Kanalisation soll 21 Millionen Euro kosten

| | Capdepera, Mallorca |

Urbanistische Probleme an der Costa de Canyamel auf Mallorca.

Foto: A. Bassa

Schlechte Nachrichten für Grundstücksbesitzer auf Mallorca: Der Bau einer Kanalisation in den Siedlungen Cala Gat und Costa de Canyamel kommt teuer. Das berichtet die Tageszeitung Ultima Hora.

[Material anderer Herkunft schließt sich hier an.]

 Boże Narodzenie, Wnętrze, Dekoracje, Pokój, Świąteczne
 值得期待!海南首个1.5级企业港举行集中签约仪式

Die Gemeinde Capdepera veranschlagt rund 21 Millionen Euro für rund 925 betroffene Parzellen. Darin enthalten ist auch weitere Infrastruktur für Straßenbeleuchtung und Ähnliches. Da Vorschüsse durch die Gemeinde mit anschließender Umlage aufgrund der derzeitigen Haushaltslage nicht zulässig sind, sollen die Anwohner einen Flurbereinigungsrat ("junta de compensación") auf die Beine stellen, die Finanzierung selbst aufbringen und Flächen abtreten. Pro Grundstück können Kosten von mehr als 20.000 Euro auflaufen.

Per Internet soll nun unter den Eigentümern ein Meinungsbild eingeholt werden. Kommt es nicht zu einer Einigung, darf in den betroffenen Urbanisationen künftig keinerlei Baugenehmigung mehr erteilt werden. Dies ist eine seit Längerem erwartete Folge von balearischen Raumordnungsgesetzen, die laut Gerichtsurteilen nun in die Praxis umgesetzt werden müssen. (mic)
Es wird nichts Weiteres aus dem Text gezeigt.